Festive gala for friends kicks off Rose celebration

Brandeis welcomes trustees, donors and friends to renovated museum

Photos/Mike Lovett

Adam Weinberg '77, left, talked and joked with pop artist James Rosenquist about his inspirations and motivation.

From left, President Fred Lawrence with Dr. Kathy Lawrence, artist James Rosenquist and donors Sandra and Gerald Fineberg, in front of Rosenquist's "Two 1959 People."

“Welcome to the beginning of the second 50 years of the Rose Art Museum,” President Fred Lawrence said, greeting nearly 200 guests at a festive gala at the Brandeis museum Wednesday night.

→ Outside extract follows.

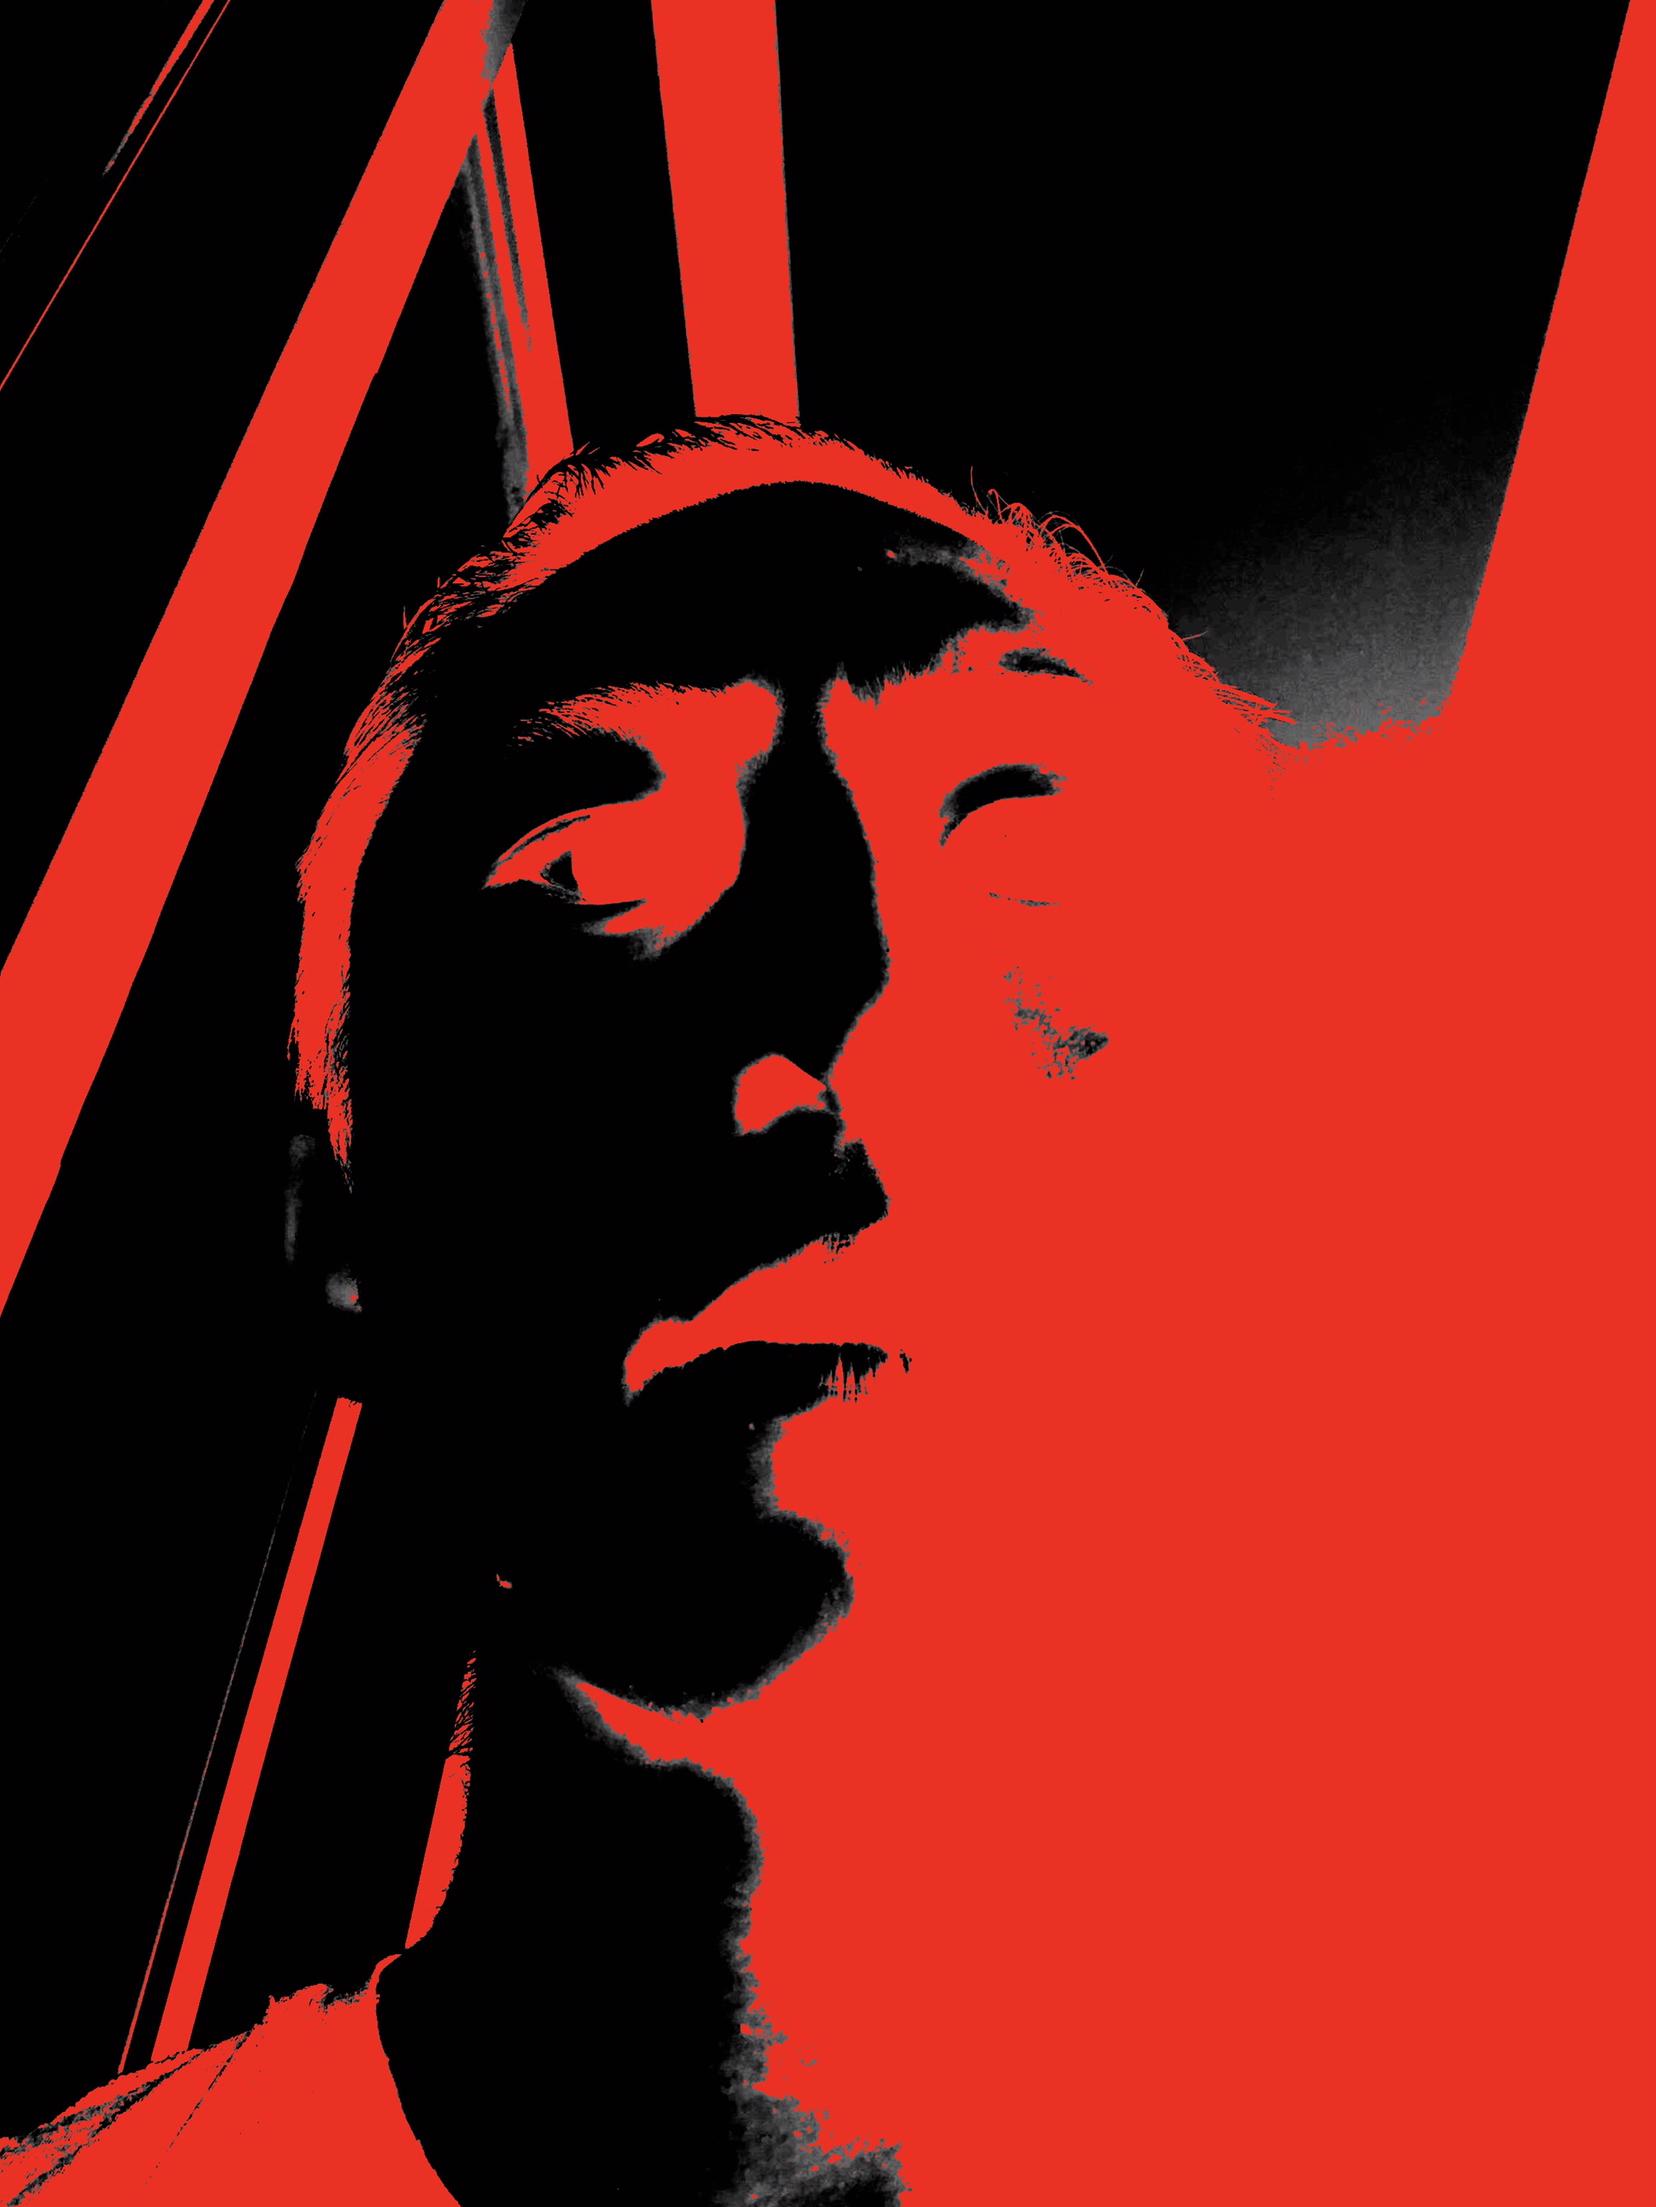 Selfie red ERIC KIM black

The event celebrated the reopening of the museum for its 50th anniversary following a $1.7 million renovation. Thanking the boards of trustees and overseers and donors Gerald and Sandra Fineberg and Lois Foster, he joked that while the footprint of the museum was unchanged by the renovation, it feels larger.

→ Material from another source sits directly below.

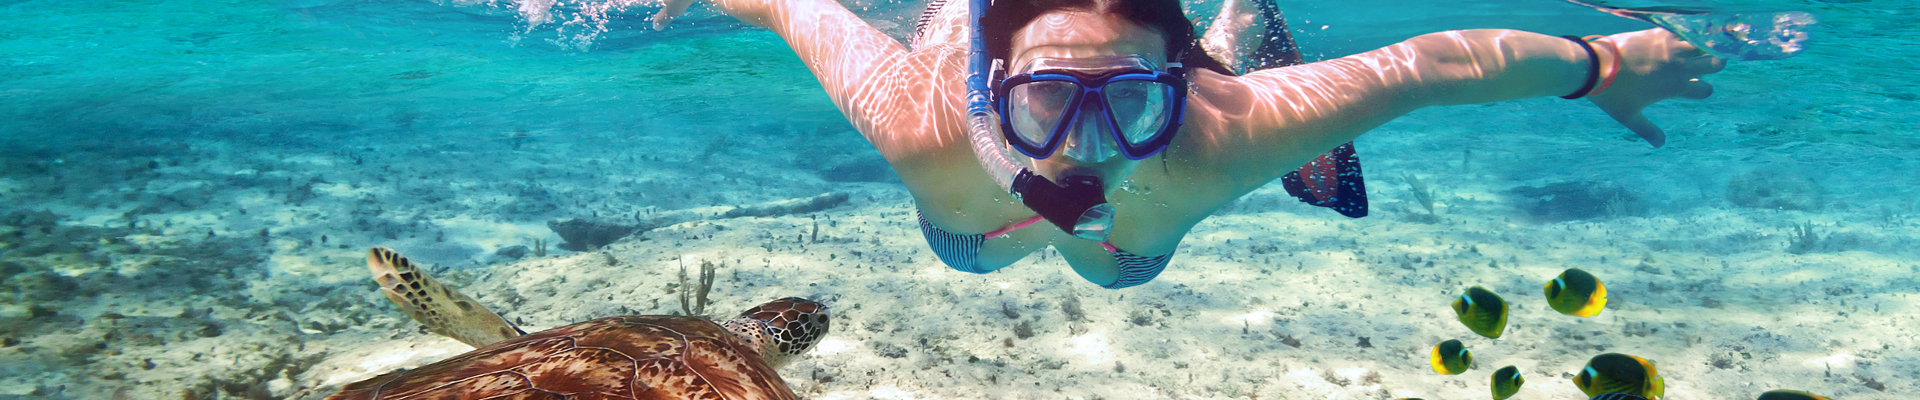 bigstock-Beautiful-women-snorkeling-in--121025945x

Renovations sometimes give the impression that buildings “hold more than they used to hold and hold more promise than they used to hold,” Lawrence said. “It should be a museum that’s worthy of its collection, and now it is a museum that’s worthy of its collection.”

Guests meandered through the improved building, taking in the debut of three new exhibits – “Art at Origin: The Early ‘60s,” “Collecting Stories” and “Bruce Conner: EVE-RAY-FOREVER (1965/2006)” – before sitting down for dinner and an interview by Whitney Museum of American Art Director Adam Weinberg ’77 of pop artist James Rosenquist, whose painting “Two 1959 People” is among those on display.

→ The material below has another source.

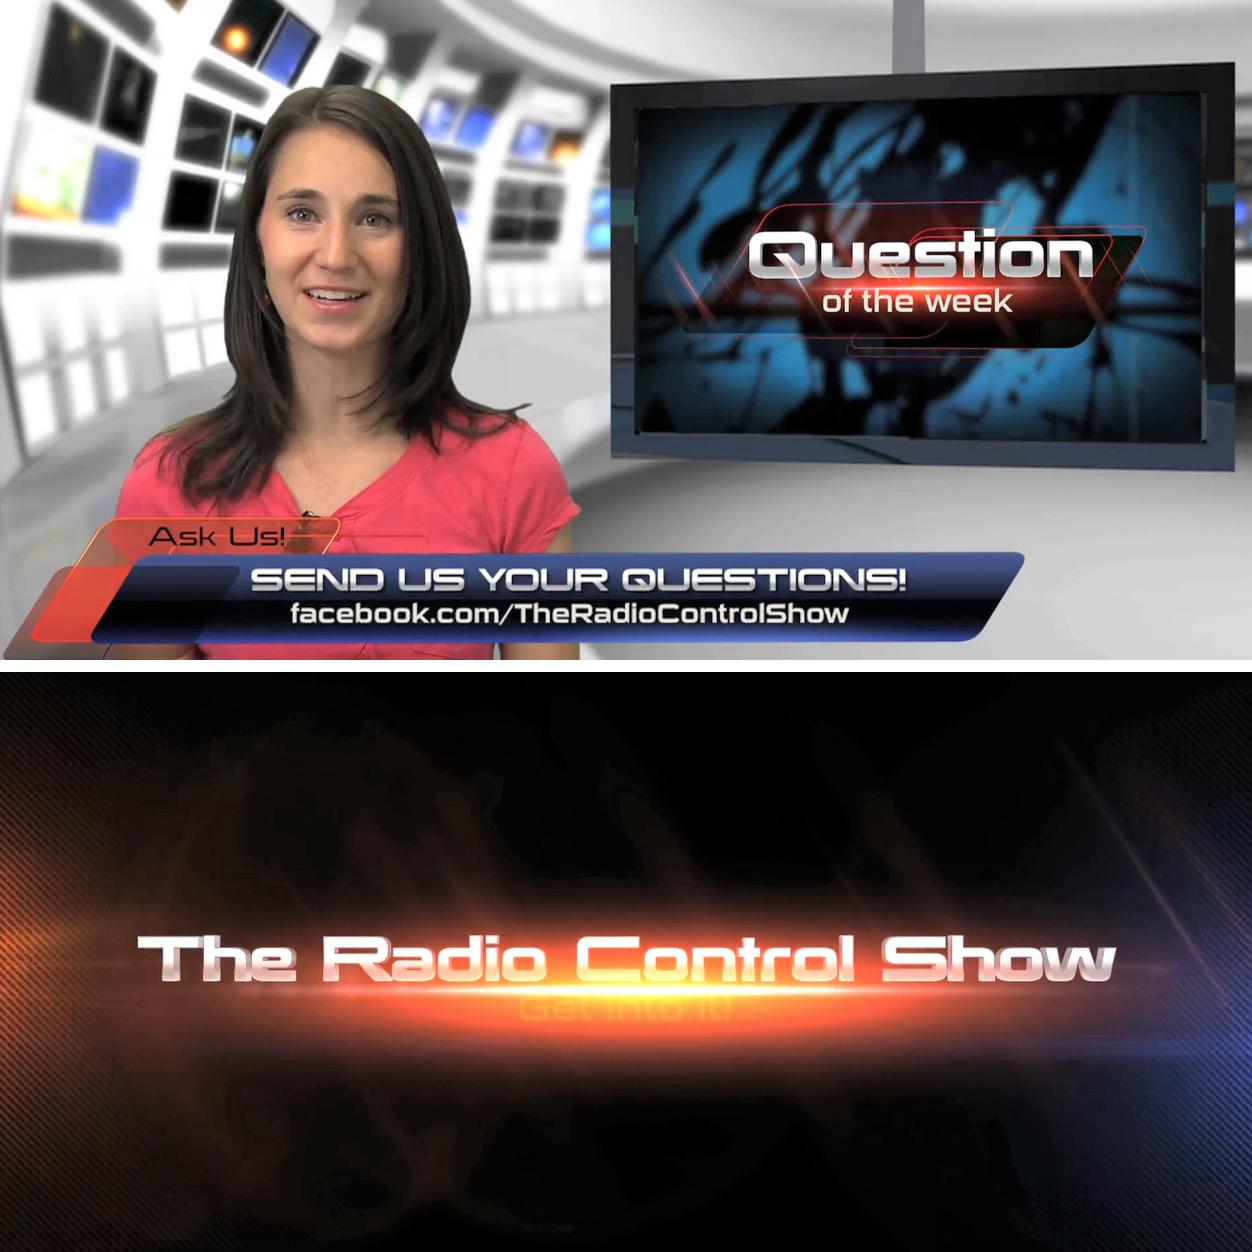 The Radio Control Show 165

Rosenquist, 77, grew up in Minnesota, where he won a scholarship to the Minneapolis School of Art and later studied painting at the University of Minnesota and the Art Students League in New York. He then spent several years painting billboards for a living. In addition to painting, he’s produced prints, drawings and collages throughout his career.

After receiving a bachelor’s degree at Brandeis, Weinberg earned a master’s degree from the Visual Studies Workshop at the State University of New York at Buffalo. Prior to becoming director of the Whitney, he spent several years as director of the Addison Gallery of American Art at Phillips Academy, Andover. Throughout the 1980s, Weinberg worked at Walker Art Center in Minneapolis. 


Before launching into his on-stage interview with James Rosenquist, Weinberg shared his passion for the museum, which he said was central to his Brandeis experience. The museum was meant to “complement and never could be replaced by classroom teaching.”

Instead of answering the first question posed to him, Rosenquist also shared his enthusiasm for the museum.

“I congratulate the Rose on its great comeback,” Rosenquist said, adding that public museums help impart humanism to the community, and especially, to children. “I come back here, and I’m overwhelmed by the beauty of the new space. It’s wonderful that it now exists bigger and better than ever before.”

The interview was informal and entertaining, covering a wide range of topics and memories, eliciting lots of laughter from the guests, who included trustees, donors and other friends of the museum.

Rosenquist told stories about his sources of inspiration, which range from the concept of time to Einstein’s theories to the advent of taxes, to name a few.

Weinberg inquired about his collage work.

“I put together things I don’t understand,” he said, as he and the audience viewed slides of his work that were projected on two screens inside a large tent erected on the lawn in front of the museum for the gala.

“I’m the straight man this evening,” Weinberg noted, joking that Rosenquist’s responses to his questions were a form of verbal collage, as the artist bolted from idea to idea, spinning yarns about the Beat Generation, of which he was part, replete with impressions of fellow artists.

“Every painting has an idea that I can say what it’s about whether you get it or not,” he said.

Weinberg concluded the interview with a quote by Rosenquist: “People ask me why I paint. I don’t know why except that when I don’t paint I get cranky. Maybe I paint to prove to myself that I had an idea.”

A public opening of the Rose will be held tonight from 5 to 8 p.m.